EXERCISE REQUIREMENTS
Copy nothing but the lines running from the one containing "Computertaske arbejdstasker i" through the end of the listing below. Drop the pictures.

DATA BELOW
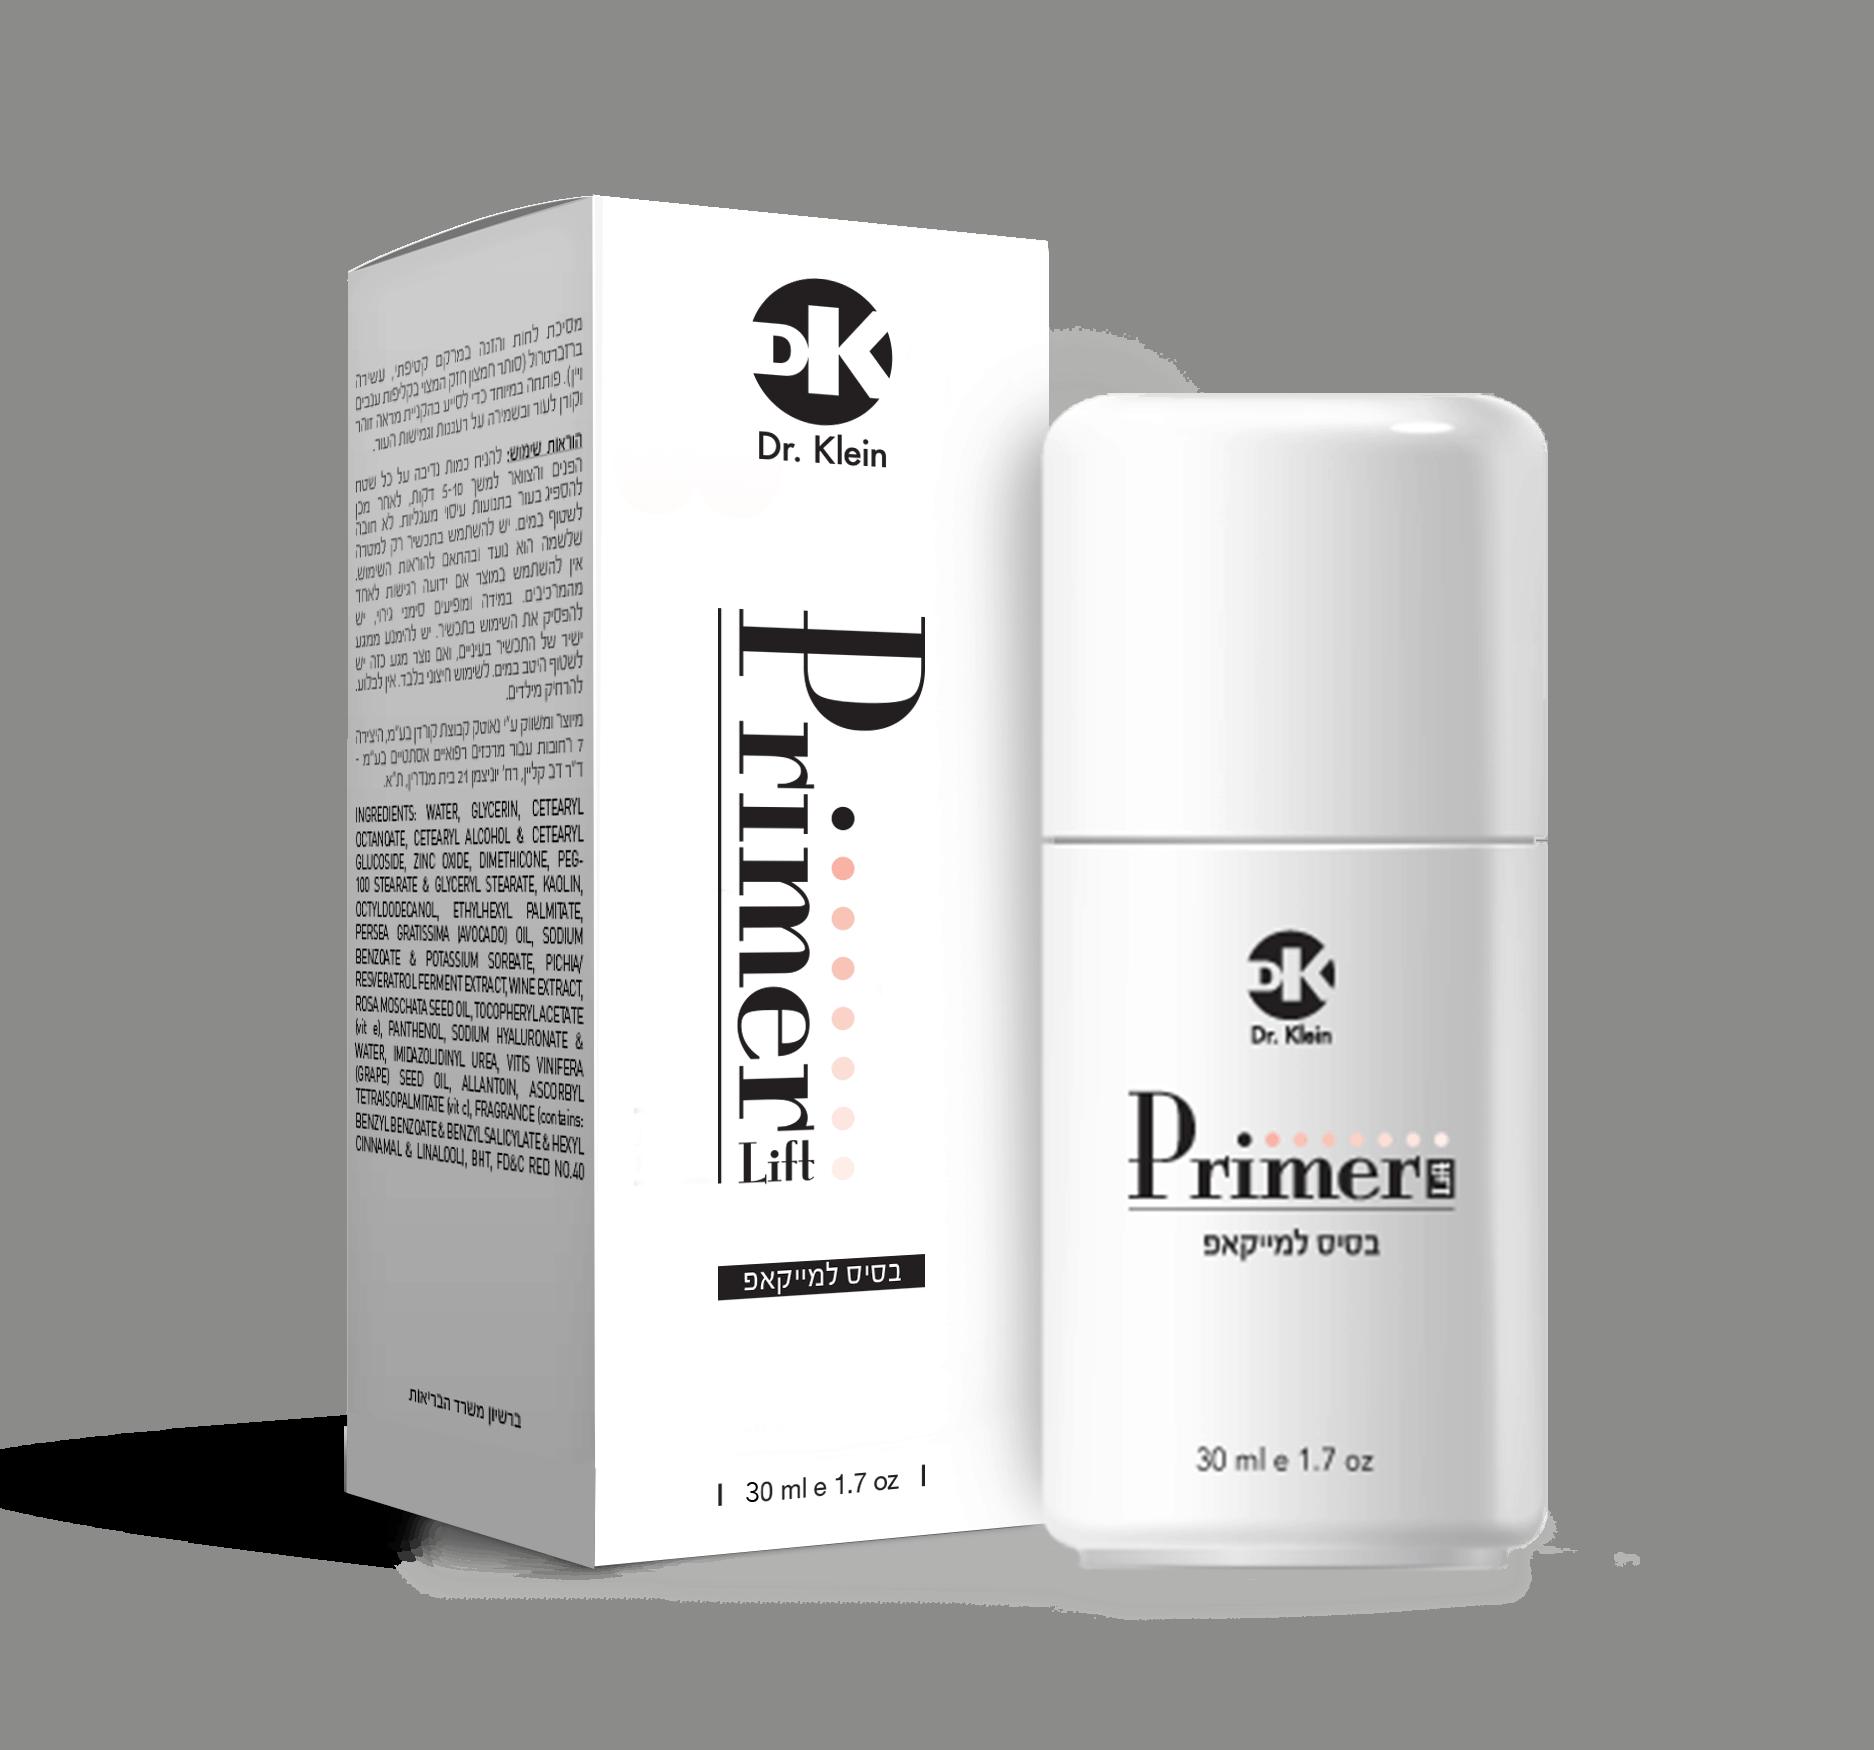 פריימר לעור של דר קליין למראה חלק ועמידות האיפור 180שח קרדיט צילום יורם אשהים
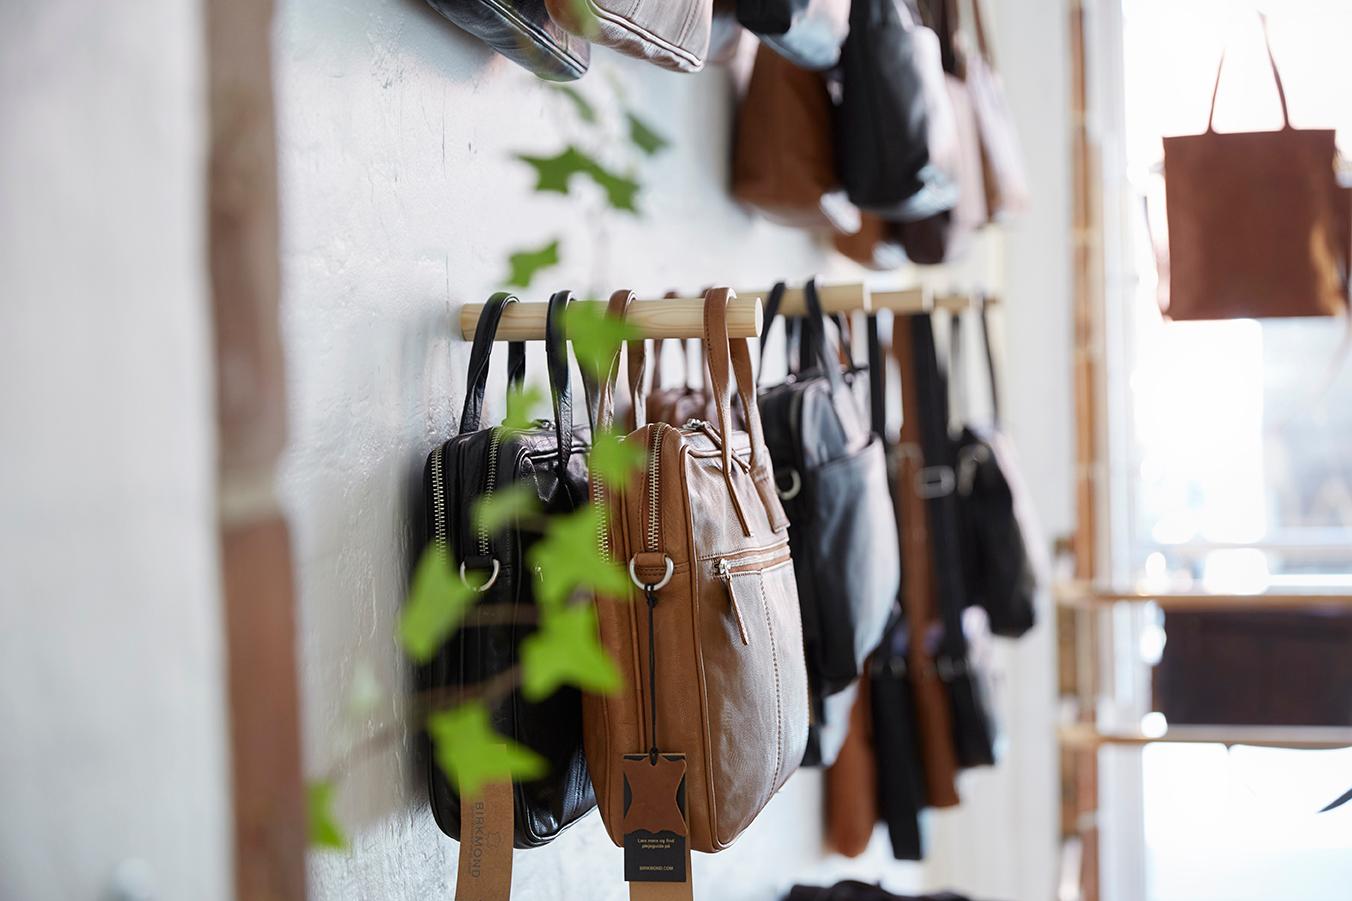 Computertaske arbejdstasker i læder til mænd og kvinder For funktionelt stilrent dansk design Lædervarer i høj kvalitet til en fair pris Birkmond taskebutik i Aarhus Latinerkvarteret
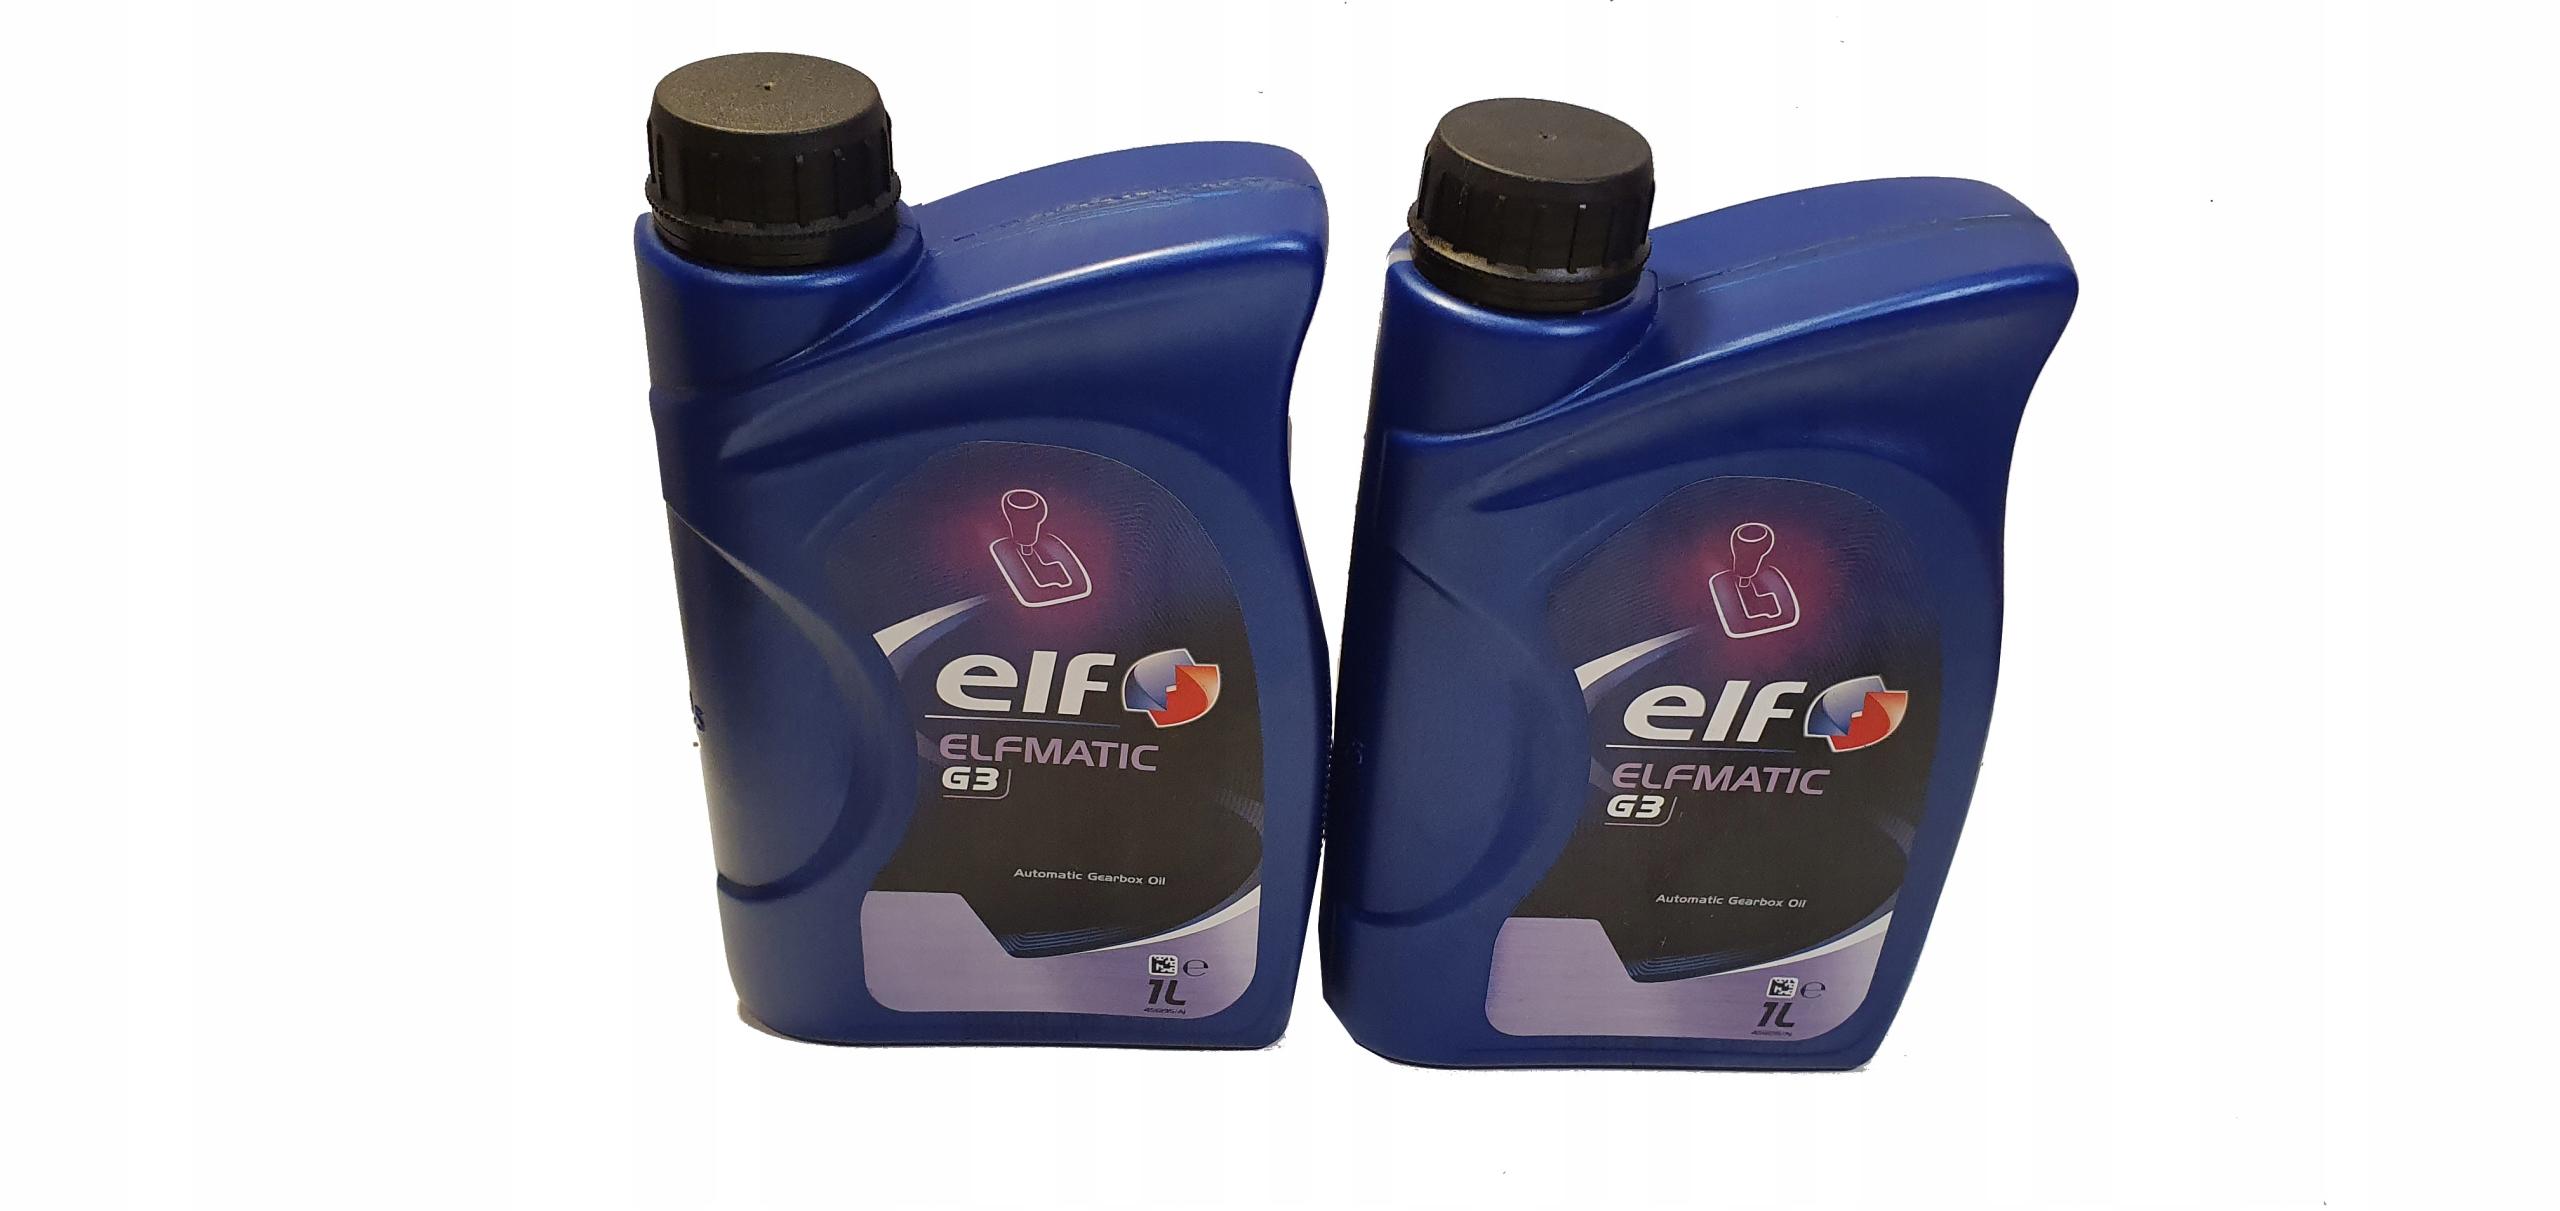 OLEJ ELF ELFMATIC G3 DEXRON III 2X 1L = 2L

RESPONSE
 Computertaske arbejdstasker i læder til mænd og kvinder For funktionelt stilrent dansk design Lædervarer i høj kvalitet til en fair pris Birkmond taskebutik i Aarhus Latinerkvarteret
 OLEJ ELF ELFMATIC G3 DEXRON III 2X 1L = 2L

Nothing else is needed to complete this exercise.